Content starts

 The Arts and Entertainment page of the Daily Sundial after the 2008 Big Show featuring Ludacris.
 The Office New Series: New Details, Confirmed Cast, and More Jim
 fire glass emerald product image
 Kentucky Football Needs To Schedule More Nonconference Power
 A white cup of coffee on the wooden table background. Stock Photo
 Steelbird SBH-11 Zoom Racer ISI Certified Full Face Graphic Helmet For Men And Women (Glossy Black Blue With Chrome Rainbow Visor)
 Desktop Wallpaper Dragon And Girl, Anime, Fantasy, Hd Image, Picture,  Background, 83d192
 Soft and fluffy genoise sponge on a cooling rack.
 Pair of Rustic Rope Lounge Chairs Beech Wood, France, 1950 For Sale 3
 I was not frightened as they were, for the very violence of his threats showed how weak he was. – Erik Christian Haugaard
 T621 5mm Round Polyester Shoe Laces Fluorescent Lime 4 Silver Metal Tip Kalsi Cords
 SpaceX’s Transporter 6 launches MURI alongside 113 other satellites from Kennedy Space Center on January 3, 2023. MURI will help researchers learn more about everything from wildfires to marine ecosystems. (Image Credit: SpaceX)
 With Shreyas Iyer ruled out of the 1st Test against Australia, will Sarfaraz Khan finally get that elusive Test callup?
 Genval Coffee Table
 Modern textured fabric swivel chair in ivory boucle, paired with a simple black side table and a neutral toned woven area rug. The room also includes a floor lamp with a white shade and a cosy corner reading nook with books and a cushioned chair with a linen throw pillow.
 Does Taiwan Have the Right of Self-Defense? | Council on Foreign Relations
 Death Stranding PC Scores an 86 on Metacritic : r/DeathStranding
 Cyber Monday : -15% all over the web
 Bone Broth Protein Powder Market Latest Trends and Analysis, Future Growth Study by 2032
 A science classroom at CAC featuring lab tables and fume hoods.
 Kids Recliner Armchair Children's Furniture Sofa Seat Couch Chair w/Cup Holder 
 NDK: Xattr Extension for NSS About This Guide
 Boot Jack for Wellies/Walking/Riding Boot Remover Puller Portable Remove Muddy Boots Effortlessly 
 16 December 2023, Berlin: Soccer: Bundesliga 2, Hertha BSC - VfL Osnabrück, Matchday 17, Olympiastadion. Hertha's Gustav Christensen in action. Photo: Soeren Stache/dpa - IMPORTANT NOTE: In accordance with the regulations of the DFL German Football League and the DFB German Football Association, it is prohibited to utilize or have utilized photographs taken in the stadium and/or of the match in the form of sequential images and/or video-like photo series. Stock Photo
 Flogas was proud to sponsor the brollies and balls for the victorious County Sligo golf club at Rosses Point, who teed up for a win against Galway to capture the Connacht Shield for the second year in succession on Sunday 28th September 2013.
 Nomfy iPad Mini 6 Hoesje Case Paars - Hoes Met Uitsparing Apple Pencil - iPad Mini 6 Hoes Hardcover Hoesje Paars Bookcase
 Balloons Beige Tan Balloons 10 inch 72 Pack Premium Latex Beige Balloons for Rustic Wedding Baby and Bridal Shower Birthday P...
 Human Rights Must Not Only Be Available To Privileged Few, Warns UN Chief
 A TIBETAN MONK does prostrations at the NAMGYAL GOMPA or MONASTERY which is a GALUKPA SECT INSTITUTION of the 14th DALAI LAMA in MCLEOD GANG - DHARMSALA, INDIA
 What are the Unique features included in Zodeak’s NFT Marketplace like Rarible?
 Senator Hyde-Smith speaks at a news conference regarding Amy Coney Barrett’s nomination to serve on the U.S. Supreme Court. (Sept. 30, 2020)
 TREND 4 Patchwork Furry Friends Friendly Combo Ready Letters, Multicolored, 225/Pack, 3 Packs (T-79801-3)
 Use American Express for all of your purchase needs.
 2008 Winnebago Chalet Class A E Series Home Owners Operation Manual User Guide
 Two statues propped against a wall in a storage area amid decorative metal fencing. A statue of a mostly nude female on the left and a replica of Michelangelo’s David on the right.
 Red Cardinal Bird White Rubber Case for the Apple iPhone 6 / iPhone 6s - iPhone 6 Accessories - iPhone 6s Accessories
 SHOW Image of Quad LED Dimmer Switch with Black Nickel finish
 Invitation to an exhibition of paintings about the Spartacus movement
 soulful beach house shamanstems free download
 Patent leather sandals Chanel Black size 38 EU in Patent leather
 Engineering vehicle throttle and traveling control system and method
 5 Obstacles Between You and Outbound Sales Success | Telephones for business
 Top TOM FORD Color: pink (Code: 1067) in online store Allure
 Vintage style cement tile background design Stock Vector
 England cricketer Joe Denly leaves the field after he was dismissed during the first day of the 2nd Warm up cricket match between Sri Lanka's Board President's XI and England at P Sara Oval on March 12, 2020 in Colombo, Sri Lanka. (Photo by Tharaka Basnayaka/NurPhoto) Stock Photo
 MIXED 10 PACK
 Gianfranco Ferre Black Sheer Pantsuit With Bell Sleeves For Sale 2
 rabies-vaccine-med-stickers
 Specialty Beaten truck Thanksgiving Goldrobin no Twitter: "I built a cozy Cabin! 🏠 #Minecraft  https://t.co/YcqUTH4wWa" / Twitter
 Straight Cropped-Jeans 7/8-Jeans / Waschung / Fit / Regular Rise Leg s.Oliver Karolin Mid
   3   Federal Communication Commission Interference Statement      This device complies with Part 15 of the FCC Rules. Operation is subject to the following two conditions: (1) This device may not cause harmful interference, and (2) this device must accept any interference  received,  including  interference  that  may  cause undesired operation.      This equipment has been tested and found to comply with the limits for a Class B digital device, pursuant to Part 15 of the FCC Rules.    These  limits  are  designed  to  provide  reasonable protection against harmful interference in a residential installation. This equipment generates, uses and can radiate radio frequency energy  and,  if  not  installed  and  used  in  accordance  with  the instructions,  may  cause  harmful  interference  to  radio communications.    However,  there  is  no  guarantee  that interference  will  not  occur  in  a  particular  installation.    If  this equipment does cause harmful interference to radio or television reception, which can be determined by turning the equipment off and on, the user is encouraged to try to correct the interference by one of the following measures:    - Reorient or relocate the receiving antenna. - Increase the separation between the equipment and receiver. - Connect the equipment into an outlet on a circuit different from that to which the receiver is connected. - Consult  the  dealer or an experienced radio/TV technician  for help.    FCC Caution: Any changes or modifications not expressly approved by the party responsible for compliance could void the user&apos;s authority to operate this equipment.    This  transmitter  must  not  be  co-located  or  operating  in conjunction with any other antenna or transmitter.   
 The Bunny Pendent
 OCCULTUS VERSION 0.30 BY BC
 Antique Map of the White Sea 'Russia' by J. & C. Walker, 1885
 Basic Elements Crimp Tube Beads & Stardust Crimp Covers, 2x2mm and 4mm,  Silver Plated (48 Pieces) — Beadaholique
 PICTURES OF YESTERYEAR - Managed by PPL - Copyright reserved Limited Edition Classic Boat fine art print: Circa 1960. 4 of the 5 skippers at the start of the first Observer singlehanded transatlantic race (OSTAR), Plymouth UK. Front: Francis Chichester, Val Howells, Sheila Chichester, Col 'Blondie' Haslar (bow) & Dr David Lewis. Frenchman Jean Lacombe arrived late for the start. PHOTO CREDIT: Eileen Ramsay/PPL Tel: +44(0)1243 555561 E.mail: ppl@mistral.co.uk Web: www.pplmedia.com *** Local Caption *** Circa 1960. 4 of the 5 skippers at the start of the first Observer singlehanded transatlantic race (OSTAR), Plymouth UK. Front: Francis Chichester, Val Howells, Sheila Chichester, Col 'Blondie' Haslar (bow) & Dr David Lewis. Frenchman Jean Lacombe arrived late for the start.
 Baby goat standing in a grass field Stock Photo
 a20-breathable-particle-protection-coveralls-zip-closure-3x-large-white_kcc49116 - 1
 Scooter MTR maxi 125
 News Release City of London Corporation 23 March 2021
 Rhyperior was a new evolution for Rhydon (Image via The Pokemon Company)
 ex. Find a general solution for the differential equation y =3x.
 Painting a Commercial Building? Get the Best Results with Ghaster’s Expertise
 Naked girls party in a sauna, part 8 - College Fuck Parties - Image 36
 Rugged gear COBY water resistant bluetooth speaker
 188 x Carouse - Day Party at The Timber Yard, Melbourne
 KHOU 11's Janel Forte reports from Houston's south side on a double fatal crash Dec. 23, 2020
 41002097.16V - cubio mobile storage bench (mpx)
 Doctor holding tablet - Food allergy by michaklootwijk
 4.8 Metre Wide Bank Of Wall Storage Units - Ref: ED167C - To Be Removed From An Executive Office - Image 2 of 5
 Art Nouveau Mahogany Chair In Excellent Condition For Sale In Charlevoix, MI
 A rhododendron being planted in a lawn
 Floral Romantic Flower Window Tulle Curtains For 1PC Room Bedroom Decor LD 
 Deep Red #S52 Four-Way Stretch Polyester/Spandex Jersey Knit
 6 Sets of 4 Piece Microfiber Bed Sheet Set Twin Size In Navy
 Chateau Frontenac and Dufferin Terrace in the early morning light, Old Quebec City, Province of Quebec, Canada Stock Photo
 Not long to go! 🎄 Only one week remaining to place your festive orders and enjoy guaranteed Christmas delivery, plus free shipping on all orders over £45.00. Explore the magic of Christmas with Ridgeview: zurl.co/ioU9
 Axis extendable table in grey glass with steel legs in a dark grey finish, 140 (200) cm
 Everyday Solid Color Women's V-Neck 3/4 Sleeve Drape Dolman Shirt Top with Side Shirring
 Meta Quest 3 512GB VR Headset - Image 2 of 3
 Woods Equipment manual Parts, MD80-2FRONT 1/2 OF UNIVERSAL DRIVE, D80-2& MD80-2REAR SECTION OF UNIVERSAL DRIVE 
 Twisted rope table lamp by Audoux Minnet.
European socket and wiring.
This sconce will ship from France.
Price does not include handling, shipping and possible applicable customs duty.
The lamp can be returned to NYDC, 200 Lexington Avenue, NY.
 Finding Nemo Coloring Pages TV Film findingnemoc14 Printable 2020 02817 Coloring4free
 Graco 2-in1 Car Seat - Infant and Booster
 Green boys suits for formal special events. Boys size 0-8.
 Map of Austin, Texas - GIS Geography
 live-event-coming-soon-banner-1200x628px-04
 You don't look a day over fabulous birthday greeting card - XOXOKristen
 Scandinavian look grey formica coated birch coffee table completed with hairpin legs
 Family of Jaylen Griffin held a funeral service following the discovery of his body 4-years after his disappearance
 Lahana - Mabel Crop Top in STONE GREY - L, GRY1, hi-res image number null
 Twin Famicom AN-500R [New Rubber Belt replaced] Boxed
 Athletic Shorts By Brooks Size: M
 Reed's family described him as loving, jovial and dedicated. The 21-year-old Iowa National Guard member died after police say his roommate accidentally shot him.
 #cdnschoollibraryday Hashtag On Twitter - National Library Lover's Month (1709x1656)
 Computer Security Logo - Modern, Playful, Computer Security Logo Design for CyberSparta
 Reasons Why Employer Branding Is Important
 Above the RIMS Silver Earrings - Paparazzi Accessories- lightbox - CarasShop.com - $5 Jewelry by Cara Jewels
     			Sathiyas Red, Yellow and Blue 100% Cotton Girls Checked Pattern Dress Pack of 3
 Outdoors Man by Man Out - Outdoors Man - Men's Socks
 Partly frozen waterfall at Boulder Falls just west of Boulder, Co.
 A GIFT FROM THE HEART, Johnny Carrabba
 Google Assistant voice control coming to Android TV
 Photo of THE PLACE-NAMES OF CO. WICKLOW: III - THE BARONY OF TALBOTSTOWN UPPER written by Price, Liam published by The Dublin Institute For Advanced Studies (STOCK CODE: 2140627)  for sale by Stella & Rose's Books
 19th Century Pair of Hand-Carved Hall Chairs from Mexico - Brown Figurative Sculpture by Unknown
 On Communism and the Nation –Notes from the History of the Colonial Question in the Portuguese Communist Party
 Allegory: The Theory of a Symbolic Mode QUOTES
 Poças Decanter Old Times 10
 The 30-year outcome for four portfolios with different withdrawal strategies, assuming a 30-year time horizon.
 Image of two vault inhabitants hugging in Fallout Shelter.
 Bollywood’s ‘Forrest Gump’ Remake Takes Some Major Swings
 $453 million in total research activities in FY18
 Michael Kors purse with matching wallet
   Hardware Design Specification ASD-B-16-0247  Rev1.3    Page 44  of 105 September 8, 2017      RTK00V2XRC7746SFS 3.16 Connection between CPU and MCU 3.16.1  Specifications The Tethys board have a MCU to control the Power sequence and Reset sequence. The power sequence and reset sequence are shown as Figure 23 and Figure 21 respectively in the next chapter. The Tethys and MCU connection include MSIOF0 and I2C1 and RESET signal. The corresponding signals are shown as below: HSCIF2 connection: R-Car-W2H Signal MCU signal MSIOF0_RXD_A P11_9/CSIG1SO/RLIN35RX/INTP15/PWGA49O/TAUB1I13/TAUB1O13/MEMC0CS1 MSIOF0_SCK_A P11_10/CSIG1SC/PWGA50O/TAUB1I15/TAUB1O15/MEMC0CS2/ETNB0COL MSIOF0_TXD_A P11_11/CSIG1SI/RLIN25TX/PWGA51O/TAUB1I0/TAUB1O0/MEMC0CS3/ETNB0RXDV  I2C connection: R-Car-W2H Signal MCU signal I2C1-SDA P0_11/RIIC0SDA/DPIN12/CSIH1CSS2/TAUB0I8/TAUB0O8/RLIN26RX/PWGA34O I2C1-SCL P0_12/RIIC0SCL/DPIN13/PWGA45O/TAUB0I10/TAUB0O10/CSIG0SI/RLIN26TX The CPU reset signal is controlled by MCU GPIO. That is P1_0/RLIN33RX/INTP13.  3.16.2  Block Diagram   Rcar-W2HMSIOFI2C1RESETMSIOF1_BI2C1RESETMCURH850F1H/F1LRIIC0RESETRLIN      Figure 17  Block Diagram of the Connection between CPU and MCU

Content ends

Task details
Find the word "field" in the entries above, then copy each line that holds it.

Reply
 England cricketer Joe Denly leaves the field after he was dismissed during the first day of the 2nd Warm up cricket match between Sri Lanka's Board President's XI and England at P Sara Oval on March 12, 2020 in Colombo, Sri Lanka. (Photo by Tharaka Basnayaka/NurPhoto) Stock Photo
 Baby goat standing in a grass field Stock Photo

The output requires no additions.